### Records to process
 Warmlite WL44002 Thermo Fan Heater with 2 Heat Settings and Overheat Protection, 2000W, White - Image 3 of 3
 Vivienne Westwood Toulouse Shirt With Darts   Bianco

==

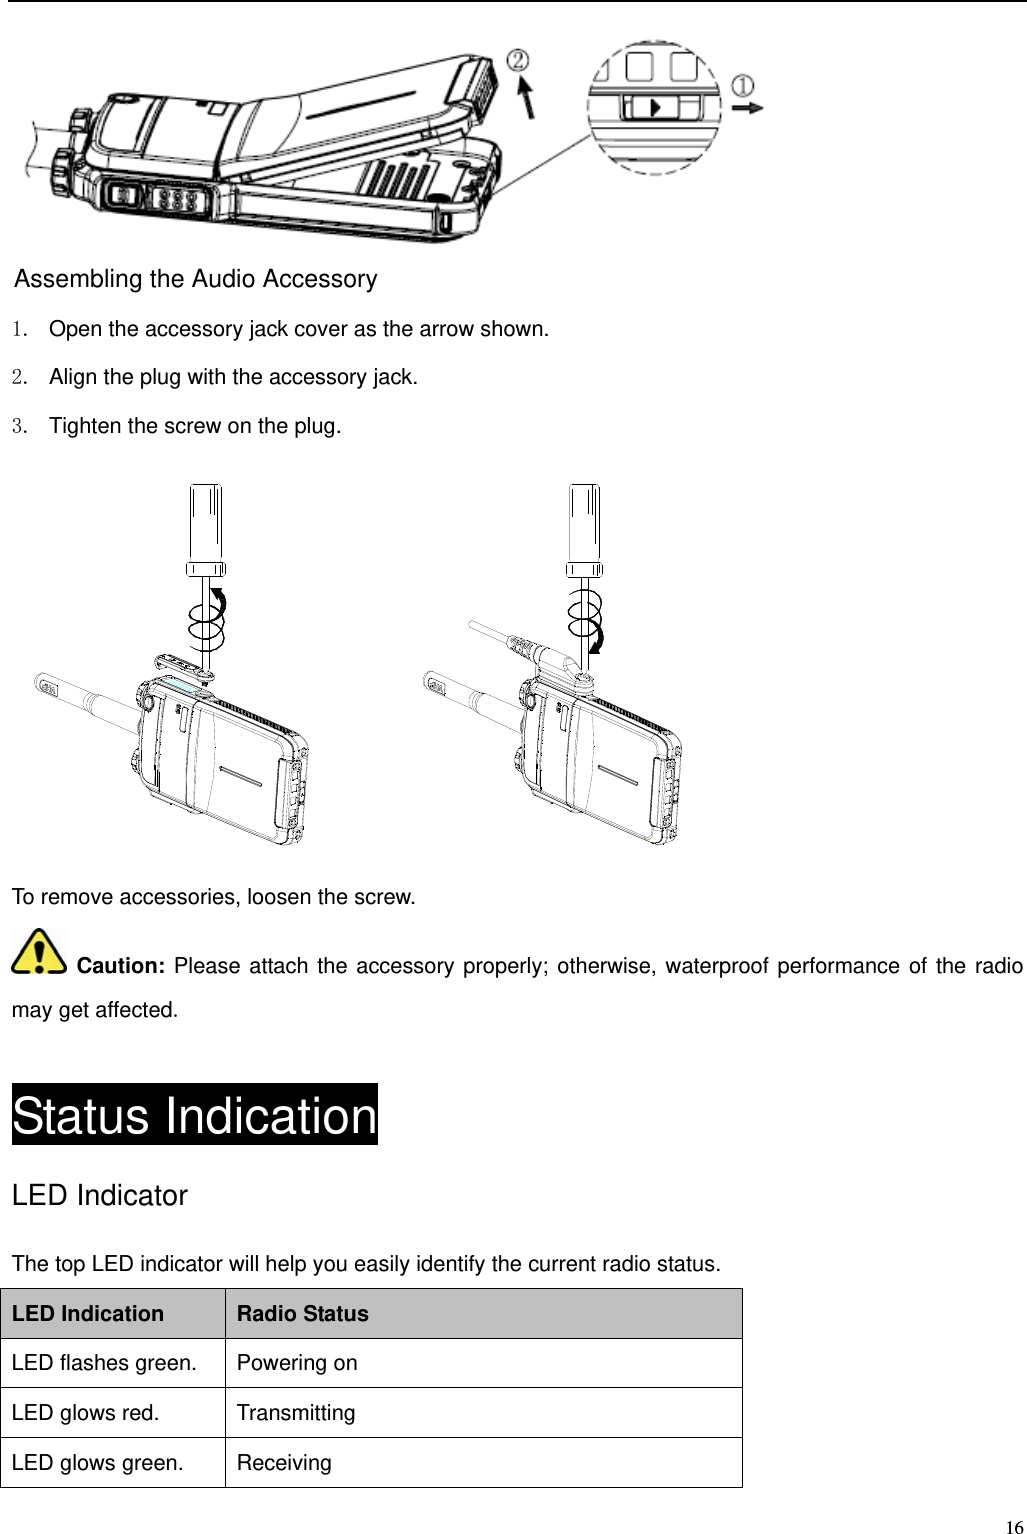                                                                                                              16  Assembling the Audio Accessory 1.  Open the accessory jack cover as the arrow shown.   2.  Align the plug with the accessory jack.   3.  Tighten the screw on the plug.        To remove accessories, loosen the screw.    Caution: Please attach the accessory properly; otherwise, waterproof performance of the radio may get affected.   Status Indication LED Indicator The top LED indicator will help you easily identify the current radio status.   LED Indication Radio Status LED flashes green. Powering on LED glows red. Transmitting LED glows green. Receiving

* * *

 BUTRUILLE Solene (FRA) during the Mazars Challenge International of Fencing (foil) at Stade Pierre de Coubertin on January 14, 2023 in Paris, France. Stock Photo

### Your instructions
What you return should be exactly the lines above, starting at the one with "Warmlite WL44002 Thermo" and ending at the one with "Vivienne Westwood Toulouse", and nothing else.

### Solved problem
 Warmlite WL44002 Thermo Fan Heater with 2 Heat Settings and Overheat Protection, 2000W, White - Image 3 of 3
 Vivienne Westwood Toulouse Shirt With Darts   Bianco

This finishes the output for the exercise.